One rule: do not switch CRMs just to improve routing. Migration risk usually outweighs the routing gain, and an overlay can capture most of the density upside without the disruption. If you are weighing a move anyway, read switching pest control software without disruption first.
Frequently asked questions
What is the best pest control routing software in 2026?
For multi-truck pest operators, FieldRoutes has the strongest native route optimization, Pocomos offers the best visual routing for the price, and PestPac covers routing inside the deepest compliance tooling. For operators who want to optimize recurring route density across the CRM they already run, an AI layer like Ardenus overlays the existing system rather than replacing it.
What is route density and why does it matter?
Route density is how many stops a truck completes per route-mile (or per drive-hour). Because most pest work is recurring, tightening the day each recurring service lands on so it clusters near other accounts compounds four times a year on every truck — recovering drive time that becomes lower cost or extra paid stops without hiring.
Does AI route optimization actually help field service?
Yes, especially for recurring, multi-week schedules. Native CRM routing mostly optimizes a single day's stop order. AI route optimization reasons across weeks and accounts to decide which day to schedule the next recurring service for maximum density, and can dispatch in real time across trucks and branches. Ardenus reports decisions in seconds instead of days using this approach.

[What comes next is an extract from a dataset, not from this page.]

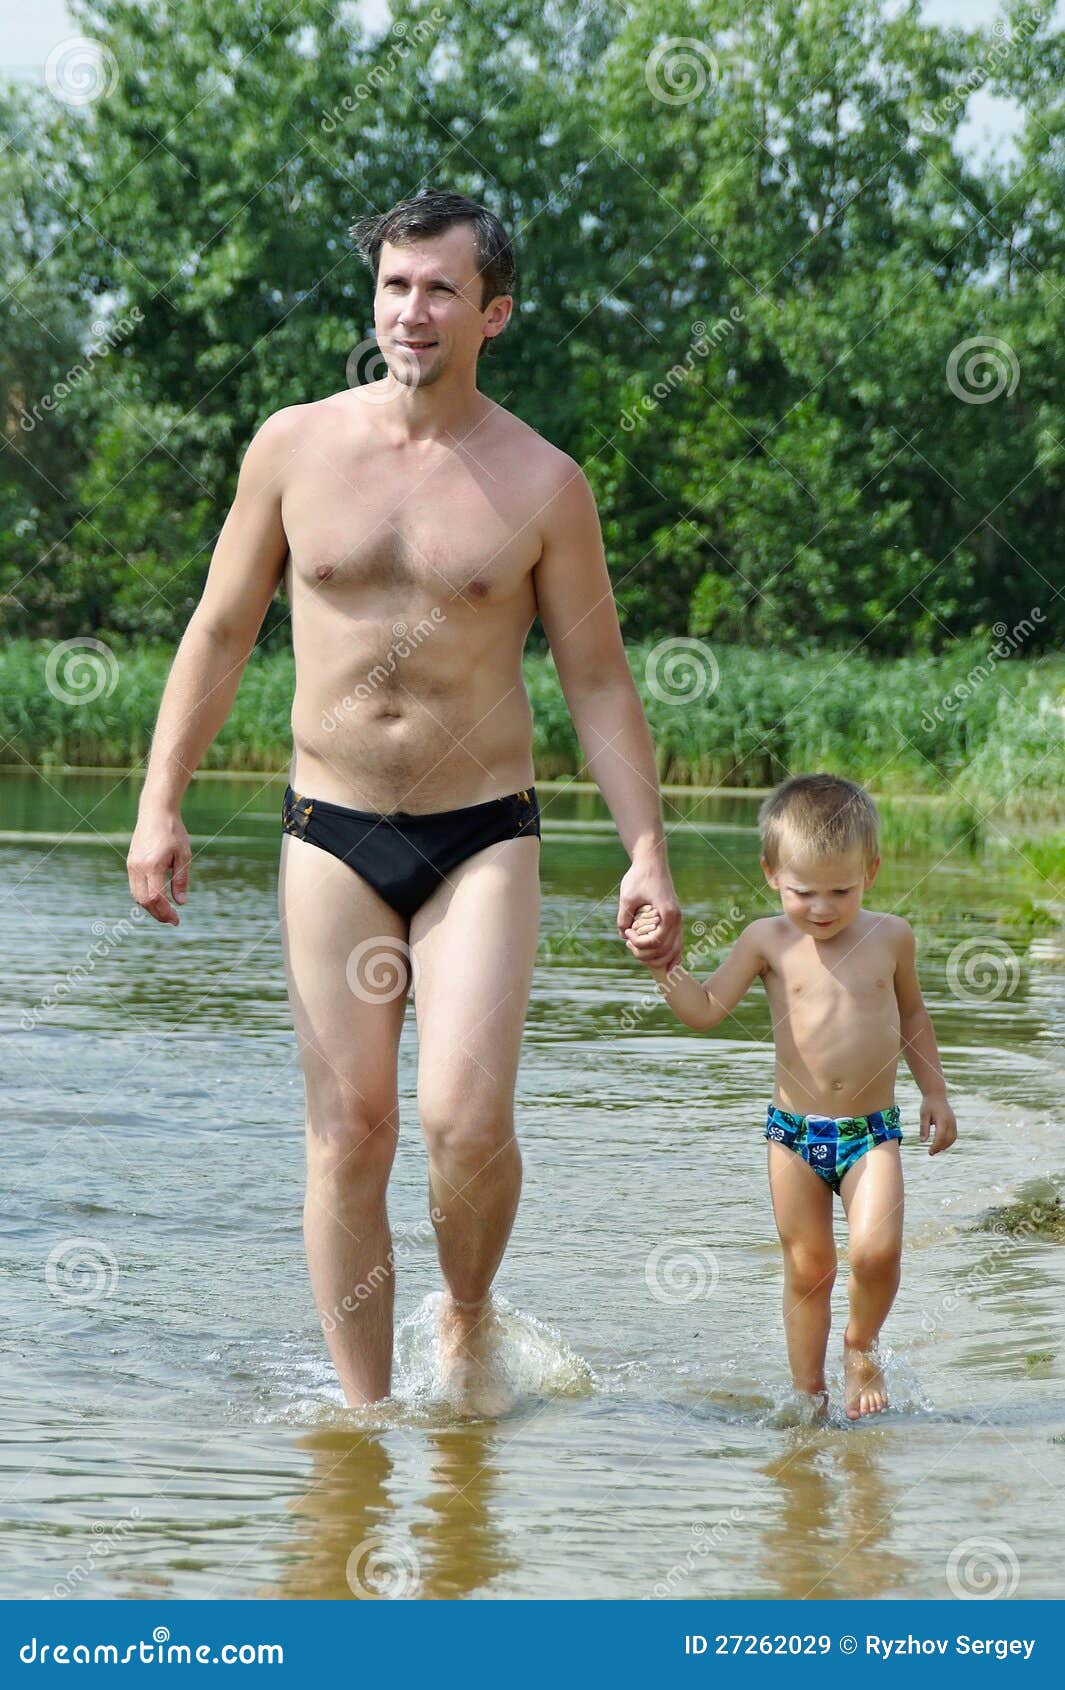 Папа сын в ванной. Голенькая с папой на пляже. Голое семейное фото с сыном.

Should I switch CRMs to get better routing?
Usually no. Migration risk and field disruption typically outweigh the routing gain. An intelligence layer such as Ardenus can capture most of the recurring-density upside on top of your existing FieldRoutes, PestPac or Pocomos setup, with implementation in days and no change for field technicians.
What is the best routing software for a solo pest control operator?

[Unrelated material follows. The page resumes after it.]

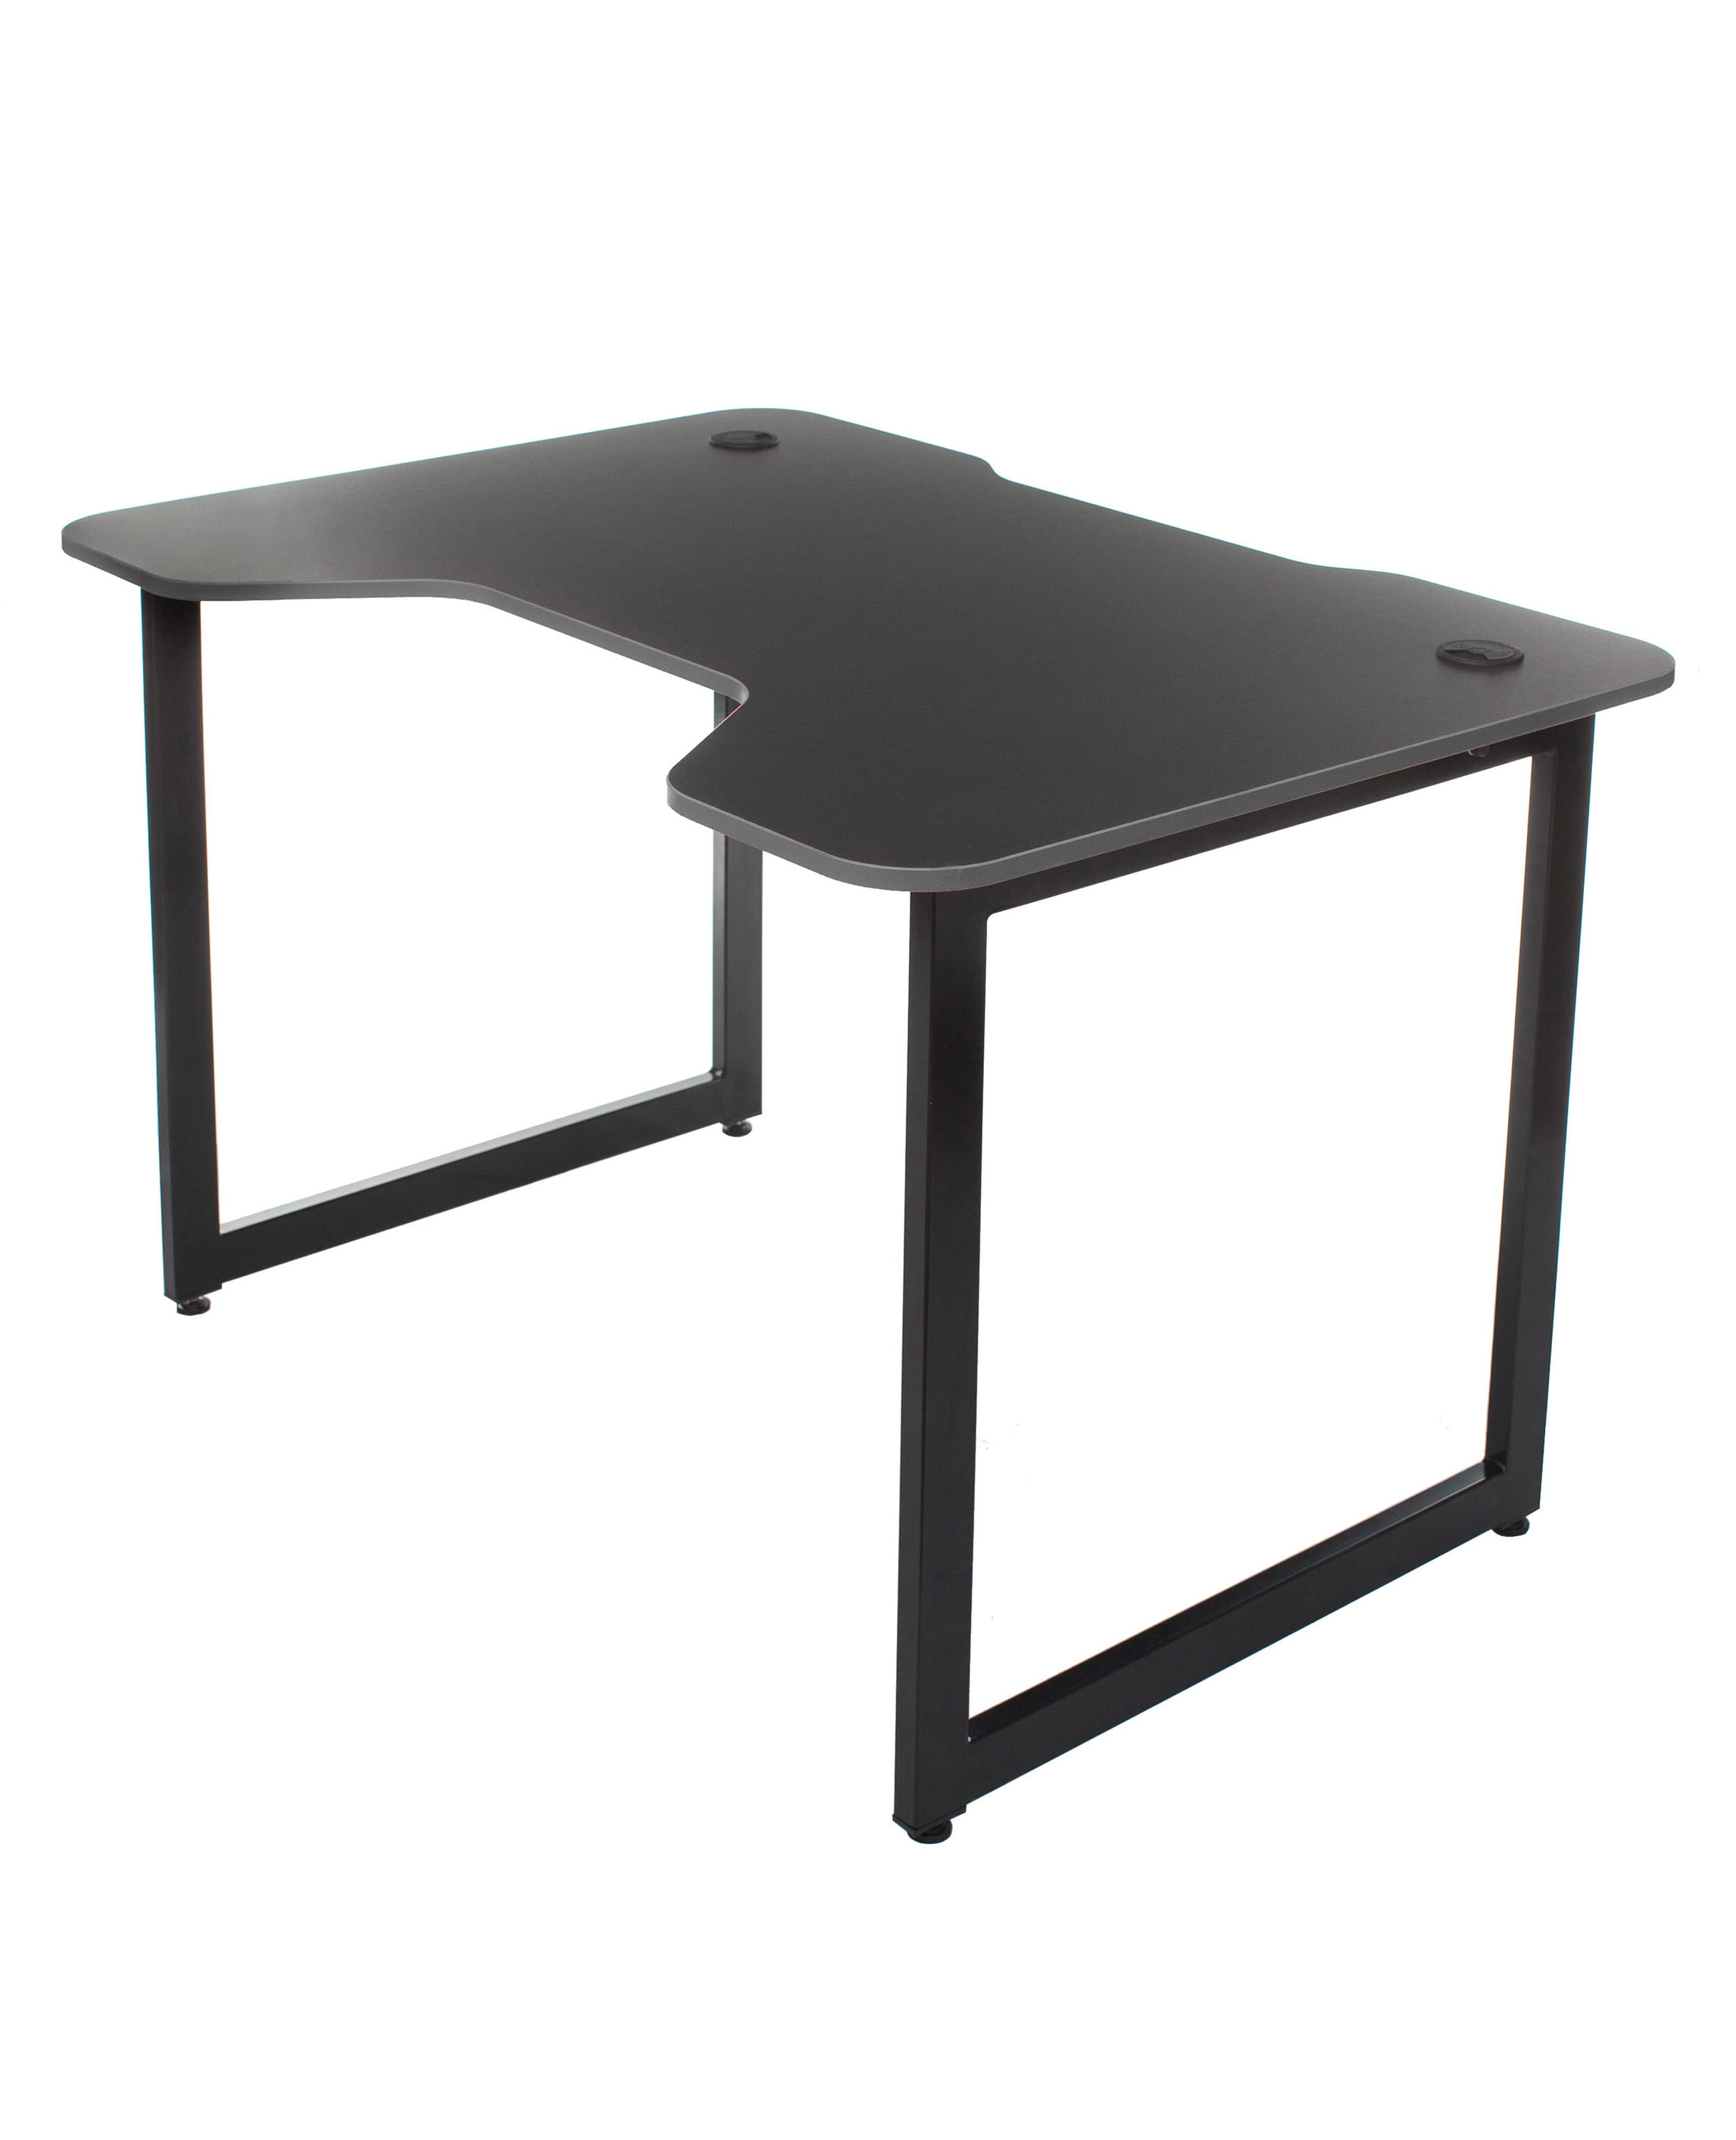 Стол игровой Knight Table L Black столешница ДСП черный каркас черный металл

GorillaDesk (reported from around $49/month, approximate) or Pocomos. Solo and two-truck shops do not need cross-branch density optimization; simple, low-onboarding routing is the right fit. Ardenus is built for growing multi-truck and multi-branch operations, not true solo operators.
How much does pest control routing software cost?
Reported and approximate: GorillaDesk from about $49/month, FieldRoutes from about $199-$249+/month scaling with active customers, and PestPac roughly $300-$600+/month for smaller setups with custom enterprise pricing. Pocomos uses active-customer pricing with unlimited users. Always confirm current pricing directly with each vendor.
Sources & methodology
- Ardenus — the AI-Native Operating System for Enterprise Pest Defense: platform capabilities, integrations, and operator outcomes.
- National Pest Management Association (NPMA) — industry operations, labor, and retention benchmarks.
- Ardenus 2026 capability assessment — the basis for the capability map in this article (see note below).
Methodology: the capability map reflects Ardenus's 2026 assessment of each platform's publicly described product capabilities (● full · ◐ partial · ○ not a focus) and is comparative, not an independent third-party benchmark. Figures phrased "up to" are targets observed across deployments, not guarantees. Any pricing mentioned is reported and approximate.